= Trilliant cut =

Gem cut

Patented design of top faceting of the trillion cut diamond (Patent No. D-250,100)

A trilliant cut, sometimes called a trillion, trillian, or Trielle is a triangular type of gemstone cut. The cut has many variations. It may have curved or uncurved sides. The shape of the top surface, or table, also varies. Stones typically have 31-50 facets.

==Creation==
The trilliant cut was introduced by the Asscher brothers in Amsterdam. In the early 1960s Leon Finker created his version on the "triangular brilliant cut diamond", which he called the trillion cut. Finker had a large diamond cutting factory in New York, and Henry Meyer Diamond Company, who was also cutting triangular brilliant diamonds, used the same diamond cutters, though their stones were cut slightly differently.

Henry Meyer referred to his diamond cut as "trilliant", while Finker called his cut trillion.
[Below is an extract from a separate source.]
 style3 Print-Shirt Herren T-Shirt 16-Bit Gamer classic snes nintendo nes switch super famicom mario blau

When Finker's son, Marvin Finker, entered the business in the early 1970s, he decided to patent the cut that his father was cutting and he trademarked the term "Trillion" for their now patented triangular brilliant cut diamond.

They used the term "Trillion" and "Trilliant" in a stylized design until they lost the trademark in 1986 when a federal court judge decided that the words "Trillion" and "Trilliant" were phonetically equivalent. Since trilliant was a concatenation of the generic term "triangular brilliant", it could no longer be a registered trademark.
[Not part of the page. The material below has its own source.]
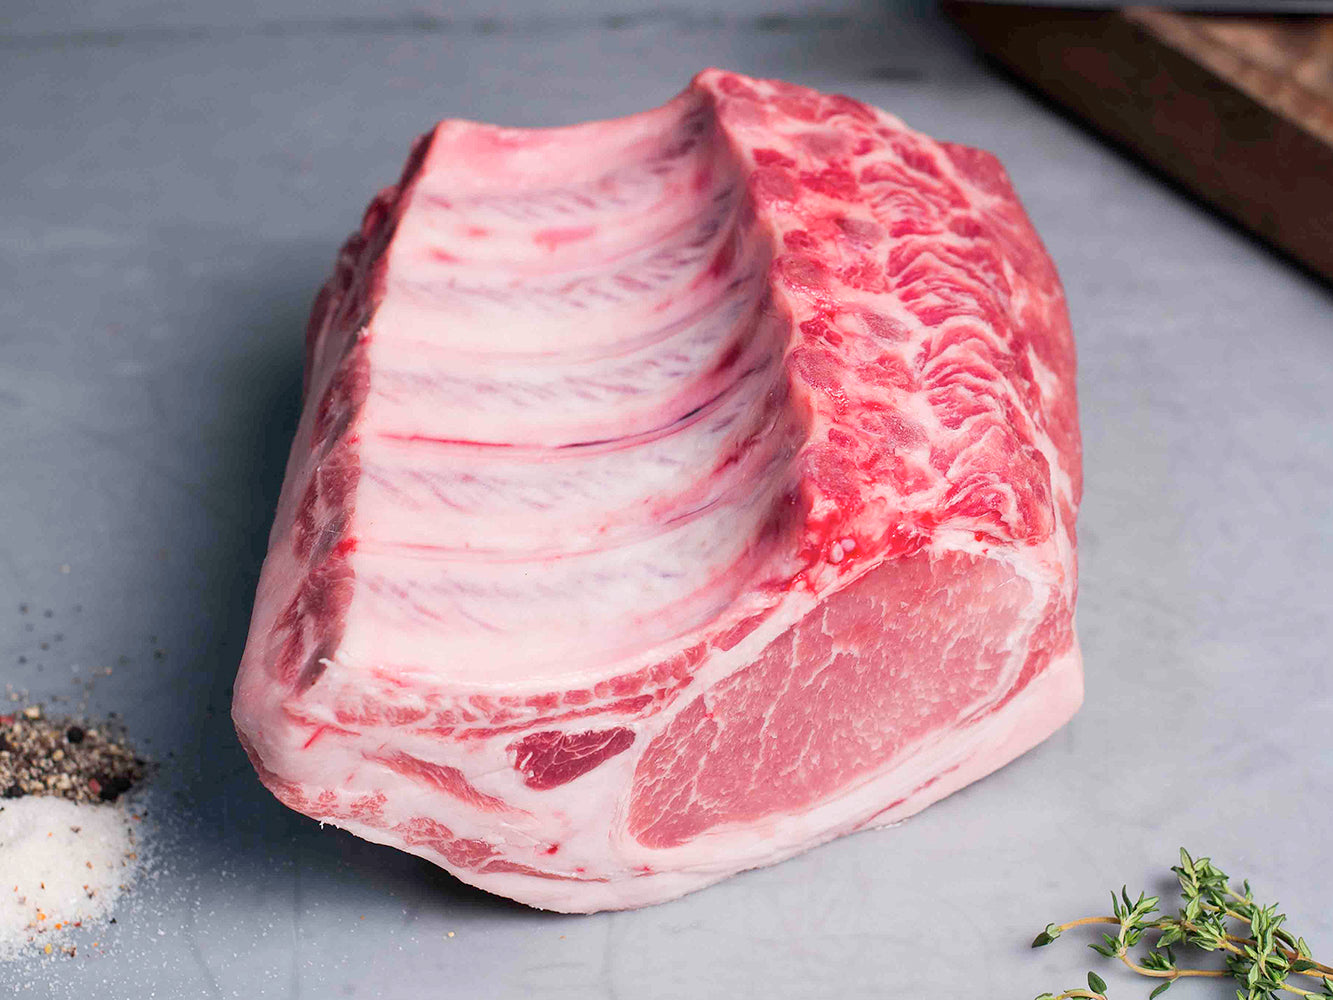 Pork King - Premium Pork and Pork Products

Finker gave the term "trillion" to the trade in a half-page advertisement in the New York Times and announced that their patented cut would be known as Trielle and TRIELLE in a stylized design.
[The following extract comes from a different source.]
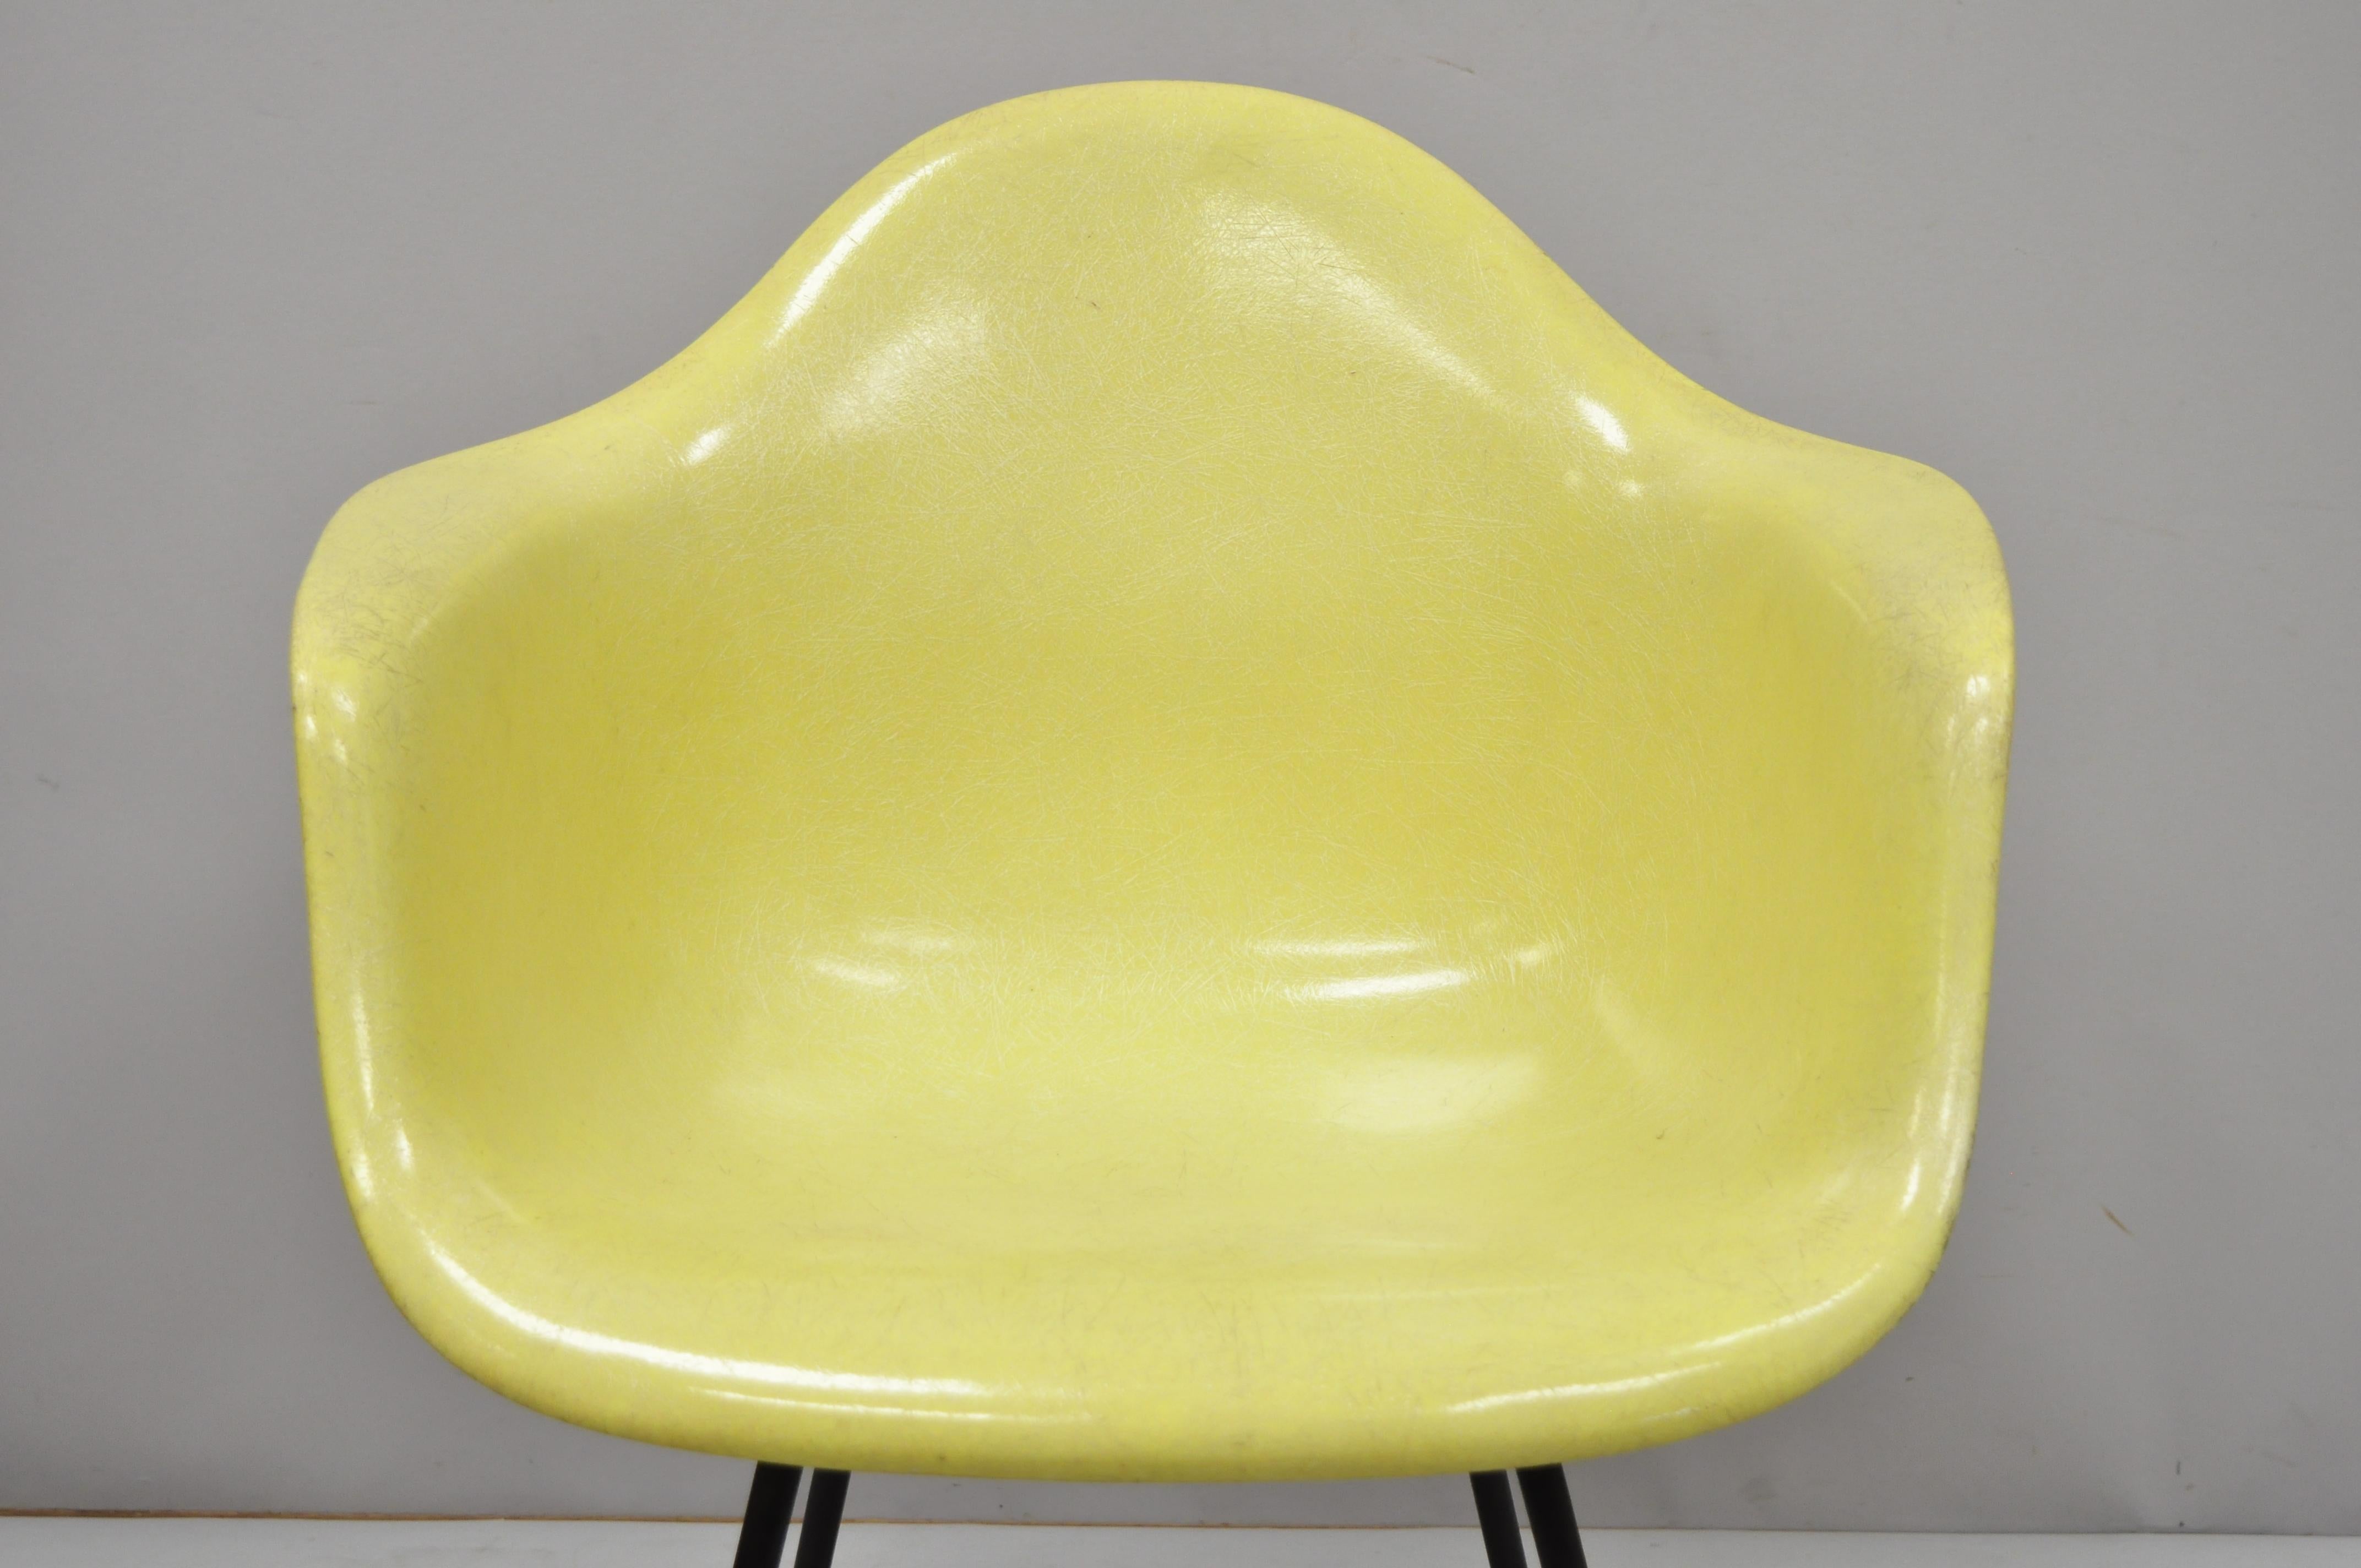 Vintage Herman Miller yellow fiberglass shell armchair H base (B). Item includes a yellow fiberglass shell, metal H-frame base, very nice vintage item, quality American craftsmanship, no remaining label, circa mid-20th century. Measurements: 27

Now that the trademark had been canceled, the term "trillion cut" is used to refer to all triangular-shaped gems, even step cut and cabochon stones. Triangular brilliant and triangular modified brilliant are the generic terms used by GIA when referring to non-branded diamonds.

== Straight ==
The cut displays a very sharp brilliance or fire if the diamond is cut to the correct depth allowing good scintillation. It is generally cut with a 1:14 length to width ratio with straight edges. This straight edged trillion cut is usually used for accent gemstones, on either side of a main, larger stone of a ring.

== Curved ==
This is a softer version of the uncurved version, with three soft points and curved sides. The length to width ratio should still be 1:1, keeping the gemstone proportioned. This cut is unusual, but can be found in pieces as a solitary gem or as an accent gem. The curved triangular brilliant is commonly known as trilliant. A reuleaux triangle has the same ratio.